6 Mysterious Disappearances That Were Never Explained.

 


 




There is an intensely eerie quality in cases of mysterious disappearances. The loss of people as a result of violent crime is one thing. But an unexplained absence is on a completely different level.

In mysterious disappearances, it is the silence of the empty space where the person used to be, and the lack of explanation to help us piece the events together that chills us.


Mysterious disappearances defy the logical chain of events in missing persons’ cases. Consequently, they make us feel intrigued yet powerless.

Perhaps this involuntary yet seductive pull is the reason why the public has long found fascination in unexplained mysteries and missing persons cases, or why we love a good mystery story. Why urban legends and the stuff of myth stem from such stories.
Mysterious disappearances have been occurring since the dawn of recorded civilization.

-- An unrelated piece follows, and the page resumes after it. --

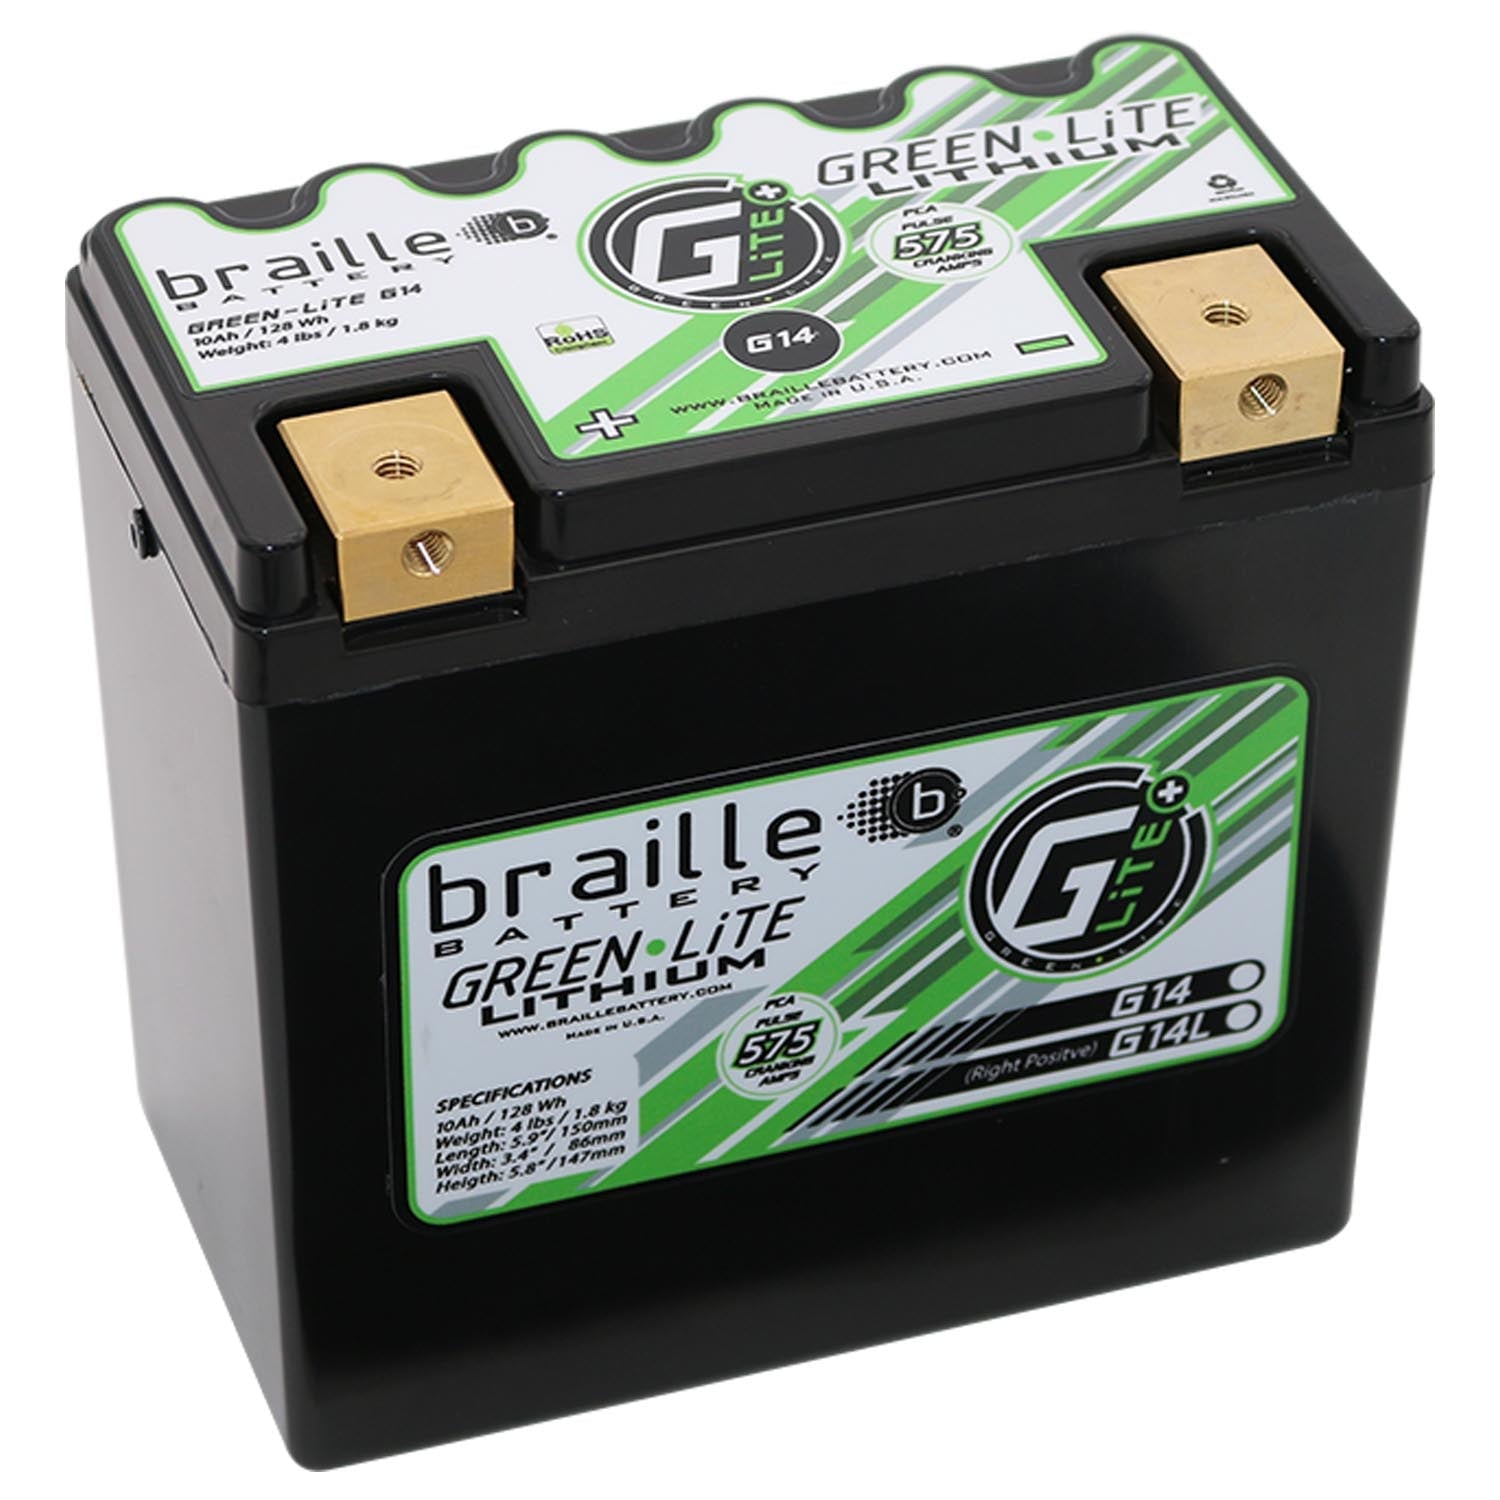 G14S Green-Lite Lithium-Ion 12 V Powersports Battery, BCI Group: 14L, Pulse Cranking Amps (PCA): 697 - Right Side Positive

The first case of a person going missing without explanation lies in the case of Romulus, one of the legendary founders of Rome. Through the centuries and until today, a host of famous disappearances have accumulated.

Here are some of them:

Flannan Isle Lighthouse Keepers


The mystery of the lightkeepers has inspired many a song and ballad, the most famous being by the band “Genesis”. The mystery concerns a lighthouse near Eilean Mòr, one of the Flannan Isles in the northernmost Outer Hebrides region of Scotland.

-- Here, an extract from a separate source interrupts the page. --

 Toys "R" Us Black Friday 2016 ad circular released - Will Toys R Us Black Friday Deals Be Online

The cluster of islands, under the nickname “the Seven Hunters”, supposedly took its name from Saint Flannan, the seventh-century Irish preacher and abbot.

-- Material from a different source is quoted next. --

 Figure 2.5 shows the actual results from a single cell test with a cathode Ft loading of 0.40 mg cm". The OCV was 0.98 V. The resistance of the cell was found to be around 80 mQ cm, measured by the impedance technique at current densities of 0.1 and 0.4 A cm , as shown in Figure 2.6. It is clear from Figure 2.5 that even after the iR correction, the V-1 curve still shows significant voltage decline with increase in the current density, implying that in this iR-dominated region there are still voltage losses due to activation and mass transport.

In 1900, Donal Macarthur, James Ducat and Thomas Marshall vanished from the lighthouse on Flannan Isle. The three keepers were at the end of a 14-day shift but remained in the Isle due to bad weather. After a passing ship noticed that the lighthouse was dark, a search began for them.

Following the disappearance, massive investigation and speculations ensued. The investigators did not have much to go on. The most credible theory is that a freak wave swept the men out to sea during the storm.


The island was completely deserted, and unmade beds and cups still full were in the lighthouse. There were no clues of a struggle or an accident happening. No bodies were ever found.

The three men had vanished in the foam.


Ambrose Bierce



“As to me, I leave here tomorrow for an unknown destination”.

Such were the closing lines of Ambrose Bierce’s last ever letter to his friend, Blanche Partington. The date was December 26, 1913. The following day, one of America’s most widely known and influential writers, journalists and satirists, would leave no trace.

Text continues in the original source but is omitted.